→ **INFORMATION SHOWN**:

= Beginning of Section =

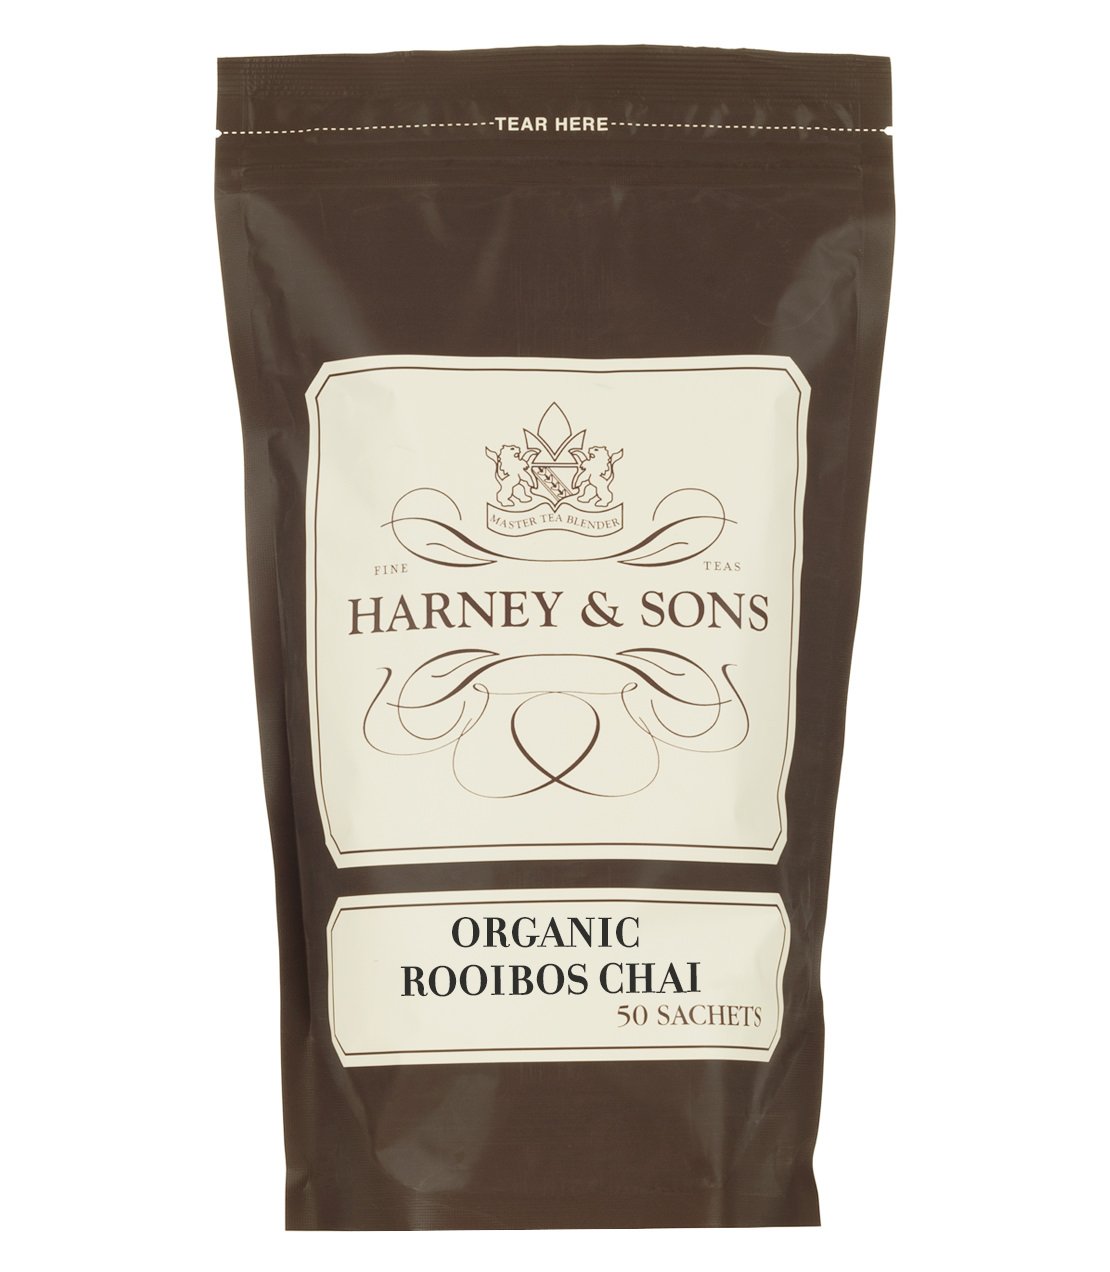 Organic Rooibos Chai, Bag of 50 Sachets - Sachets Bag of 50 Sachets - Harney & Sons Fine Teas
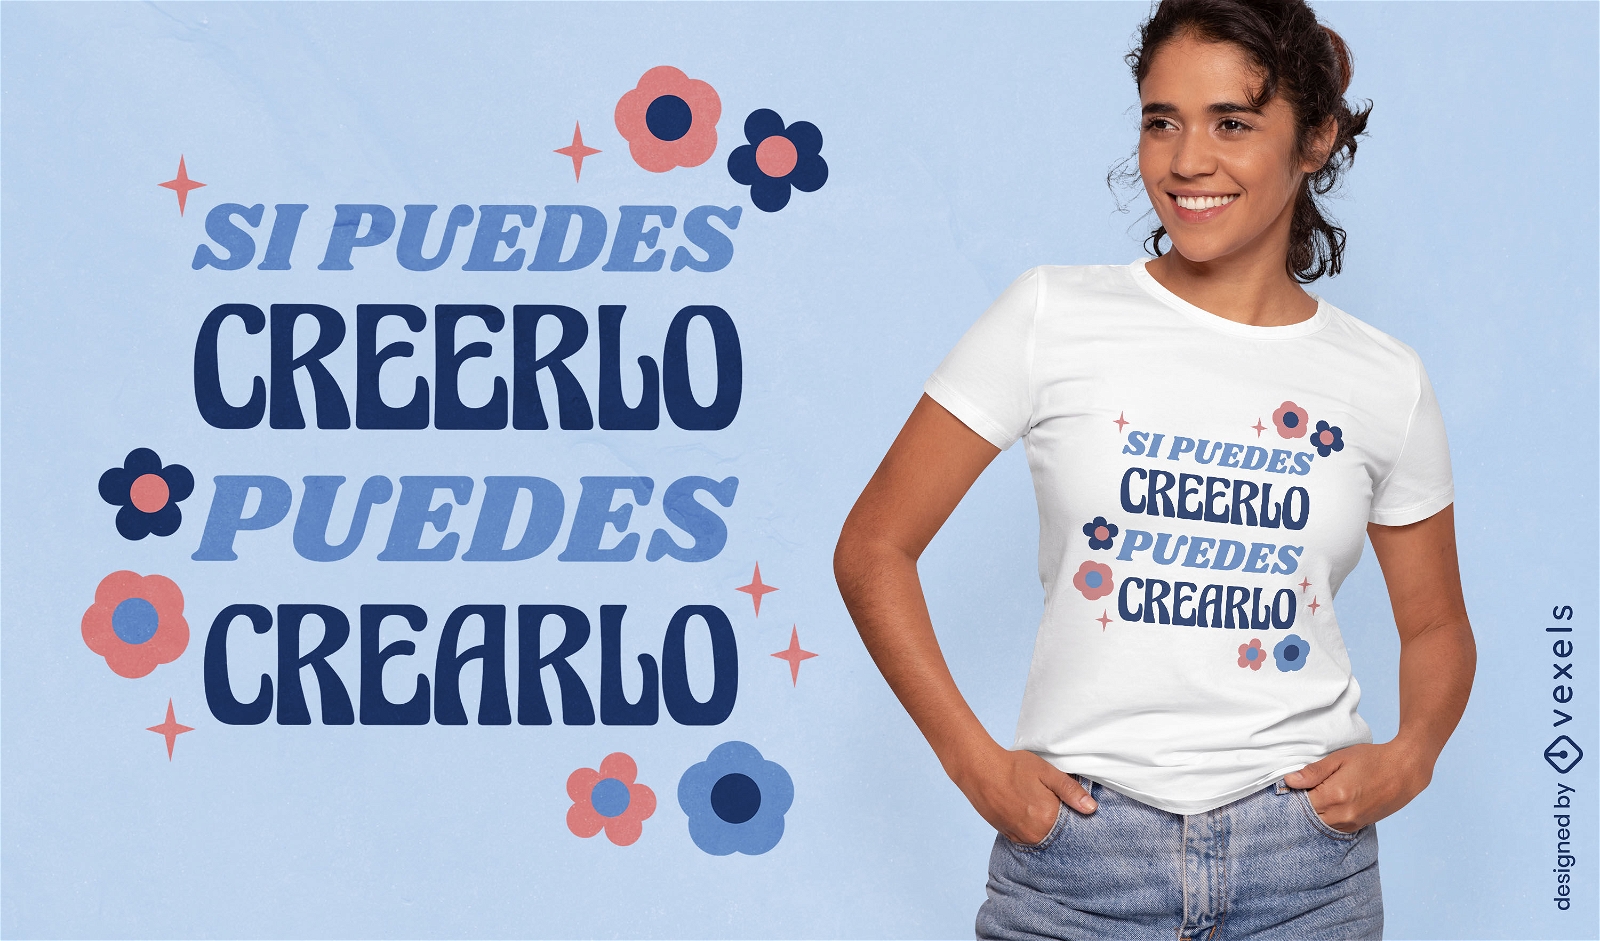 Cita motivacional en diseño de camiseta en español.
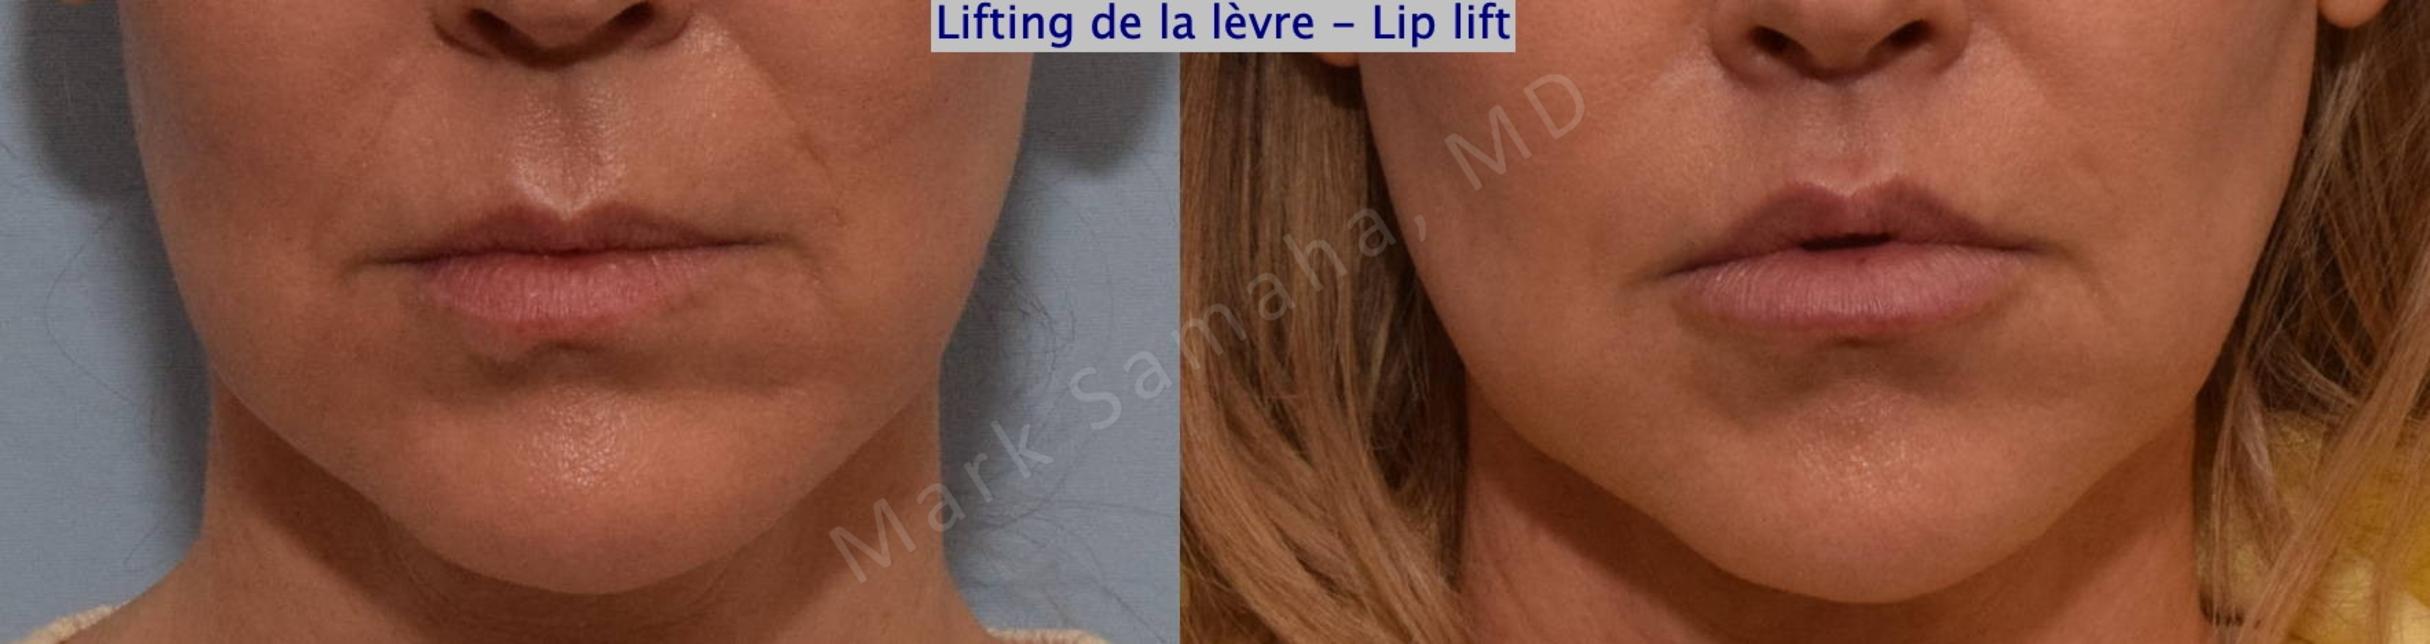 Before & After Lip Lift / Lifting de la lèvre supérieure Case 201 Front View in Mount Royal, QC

= End of Section =
= Beginning of Section =

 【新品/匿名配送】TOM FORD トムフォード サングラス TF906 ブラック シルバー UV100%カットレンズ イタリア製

= End of Section =

→ **PROBLEM TO WORK ON**: Retype only the lines above from the one with "Organic Rooibos Chai, Bag" through the one with "Before & After", exactly and with both ends. Images stay out.

→ **COMPLETED TASK**:
 Organic Rooibos Chai, Bag of 50 Sachets - Sachets Bag of 50 Sachets - Harney & Sons Fine Teas
 Cita motivacional en diseño de camiseta en español.
 Before & After Lip Lift / Lifting de la lèvre supérieure Case 201 Front View in Mount Royal, QC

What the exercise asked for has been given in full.